Experimental molecular contrast factor (MCF) (symbols) and optimally fitted theoretical MCF with bond lengths as fitting parameters (solid red curve) for recolliding momentum p_r of 1.9 a.u. (a), 2.0 a.u. (b), and 2.1 a.u. (c). The theoretical MCF corresponding to the equilibrium geometry is also shown for p_r = 2.0 a.u. in (b) (dashed blue curve).

IV. CONCLUSION

In summary, we have measured photoelectron angular distributions of benzene molecules ionized by 1.65 μm, 100 fs infrared laser pulses. We demonstrated that accurate C-C and C-H bond lengths can be retrieved using the laser-induced electron diffraction method (LIED) by analyzing diffraction images generated by returning electrons with momenta close to about 2.0 a.u. The retrieved data are consistent with the model that the benzene ring remains intact. Our results demonstrate that most typical ultrafast intense laser laboratories today have the capability of carrying out LIED experiments to extract positions of atomic constituents in a molecule with sub-Ångström spatial resolution. The LIED method relies on nonlinear ionization of molecules by intense laser pulses. For each molecular system, it has a range of laser parameters where LIED will work best. For light molecules, LIED has demonstrated its ability to achieve sub-Ångström spatial resolution. Since femtosecond laser pulses are used in the probing, temporal resolution of tens of femtoseconds is already given.

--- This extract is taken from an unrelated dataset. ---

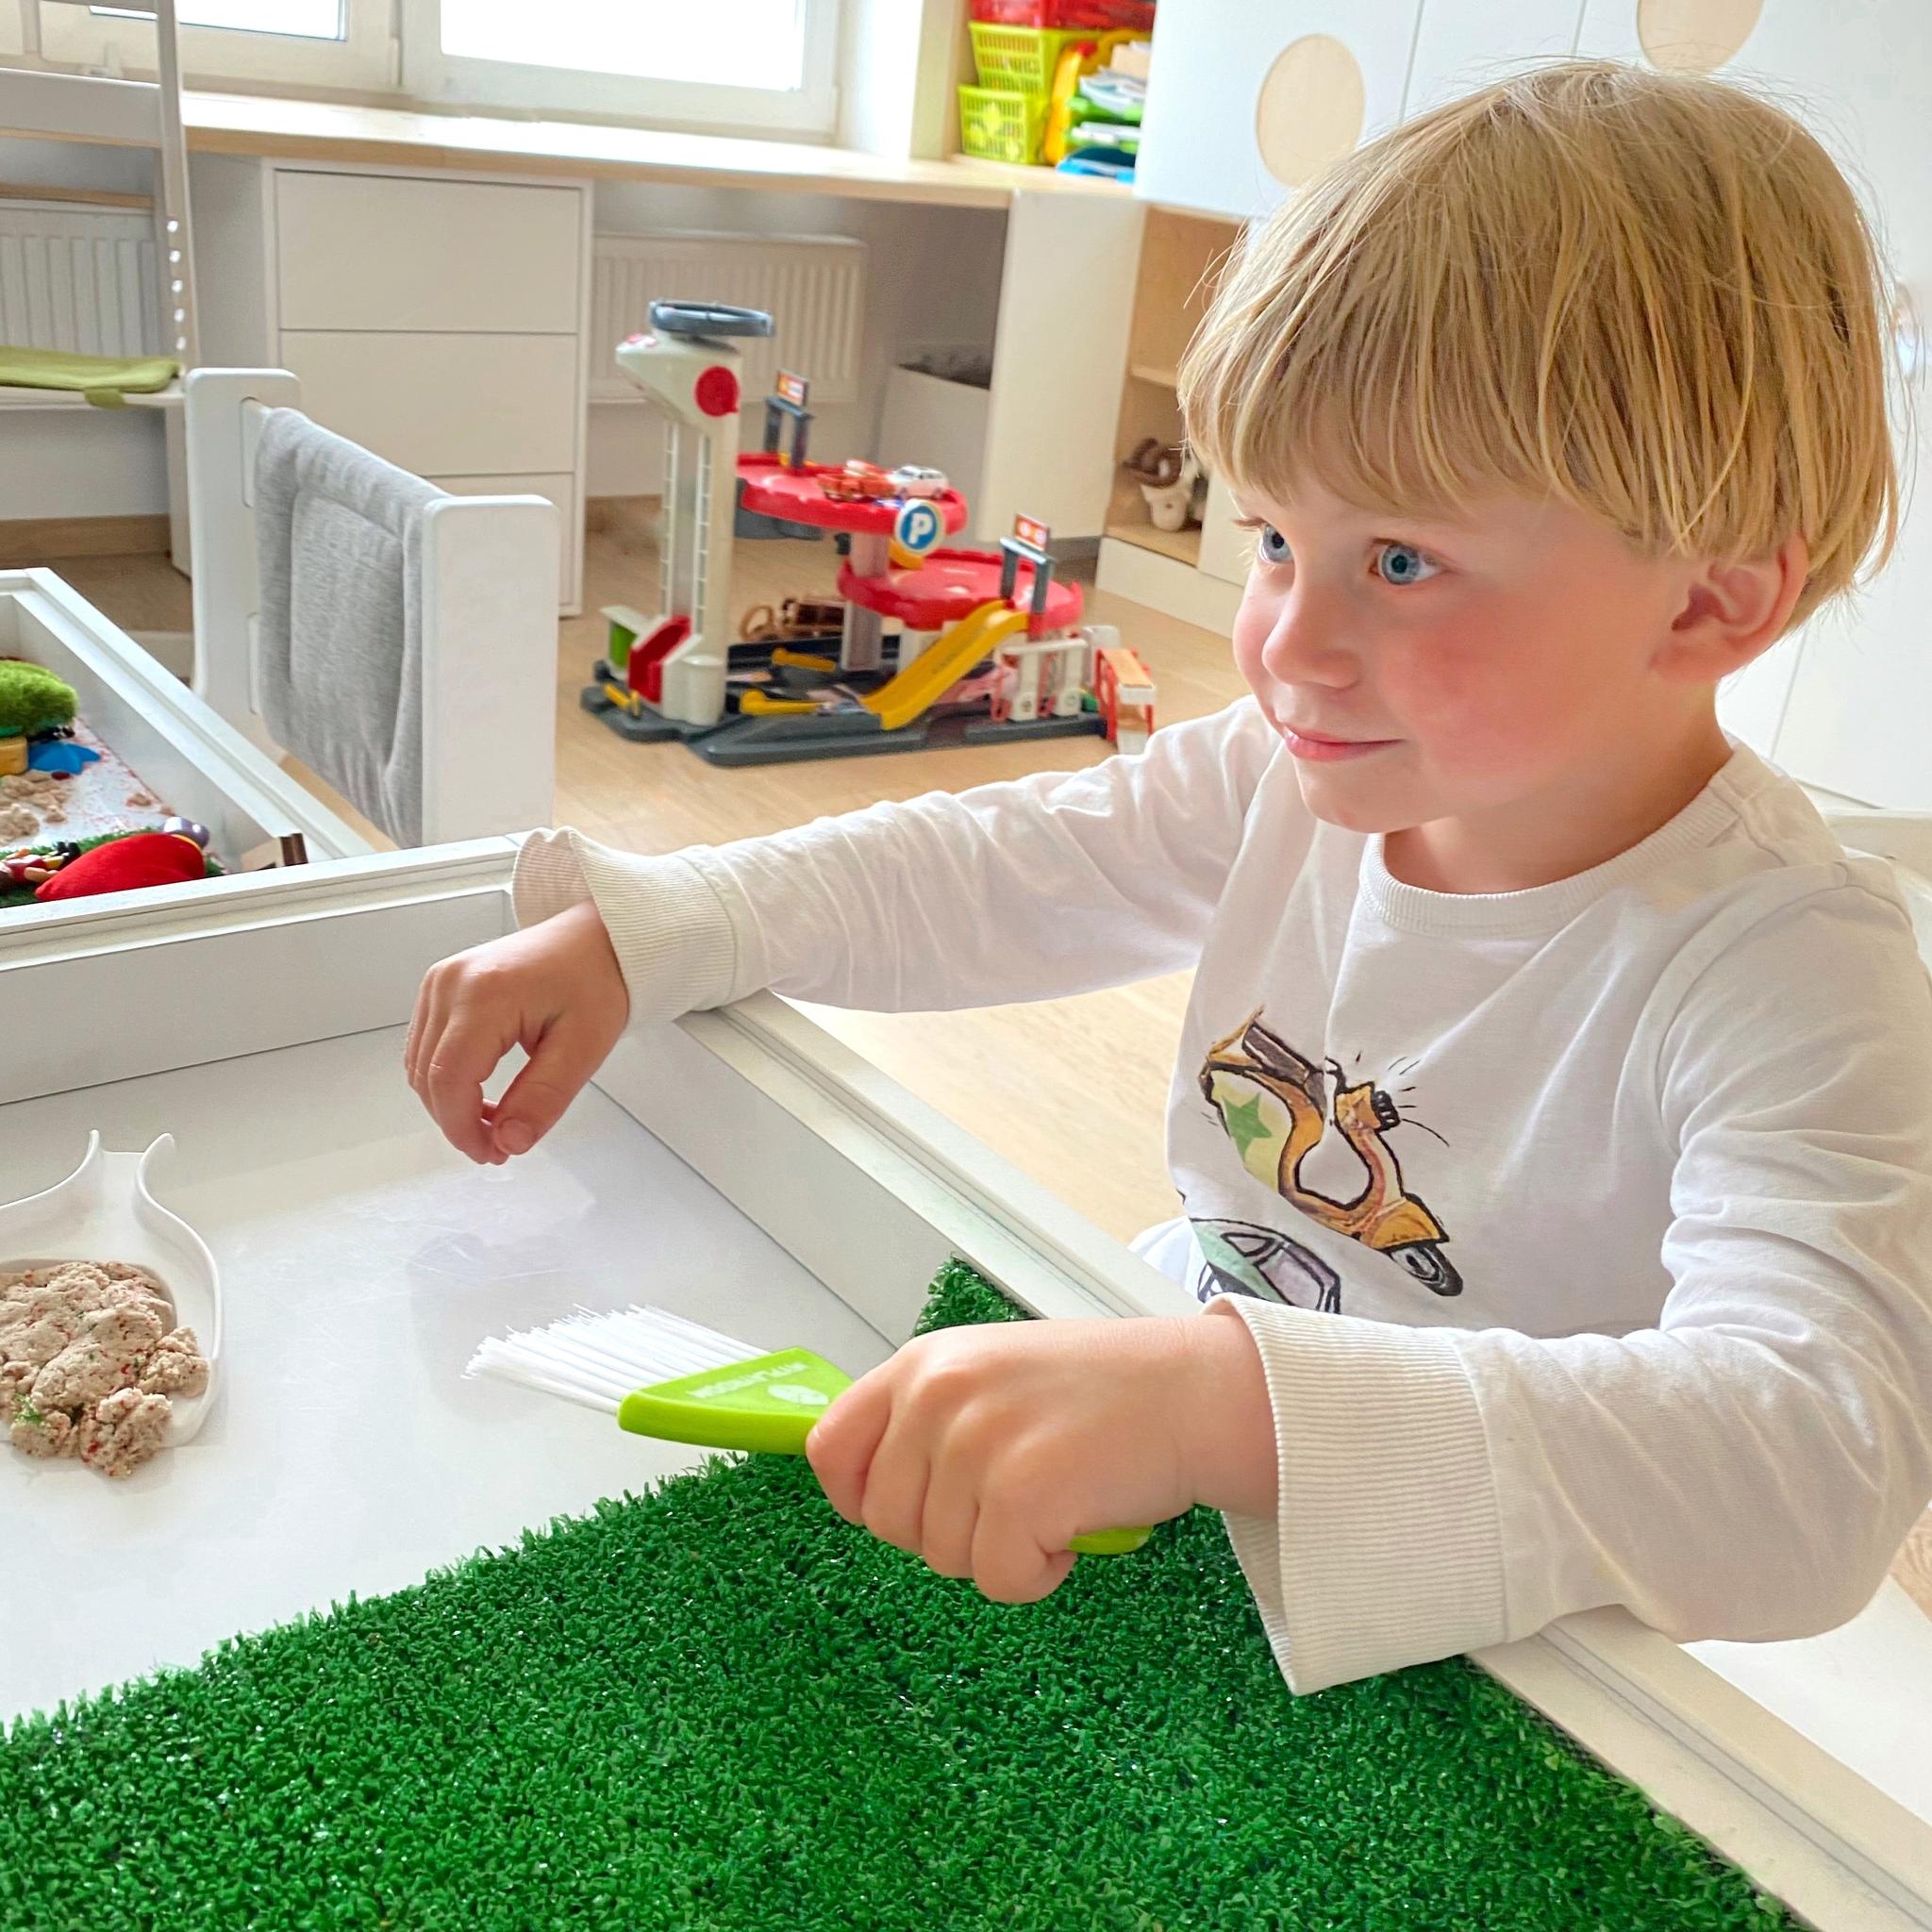 Ваня в 4 года сам играет свой любимый столик удобным набором для уборки

Looking ahead, the challenge for LIED as a potential powerful table-top laboratory tools for ultrafast dynamic imaging is whether good quality diffraction images can be generated at a typical laser laboratory like ours. The result reported here is definitely a positive statement. Still the technology has room to improve. Future LIED experiments should include oriented/aligned targets^24,35–38 and coincidence of photoelectrons with molecular ions.²⁴ In terms of lasers, shorter pulses and longer wavelength are desirable such that high energy electrons are generated without excessive ionization. Higher flux of returning electrons is also desirable and it can be met in the future with high-repetition (hundreds kHz and up) lasers, or few-color synthesized laser that optimizes the fraction of returning electrons without excessive ionization (see Jin et al.³⁹ and references therein). For LIED to become a competitive ultrafast dynamic imaging tool for molecules, more typical ultrafast laser laboratories should be engaged in such investigations.

V. SUPPLEMENTARY MATERIAL

See supplementary material for the detail of the QRS theory, DCS extraction, and chi-square fitting.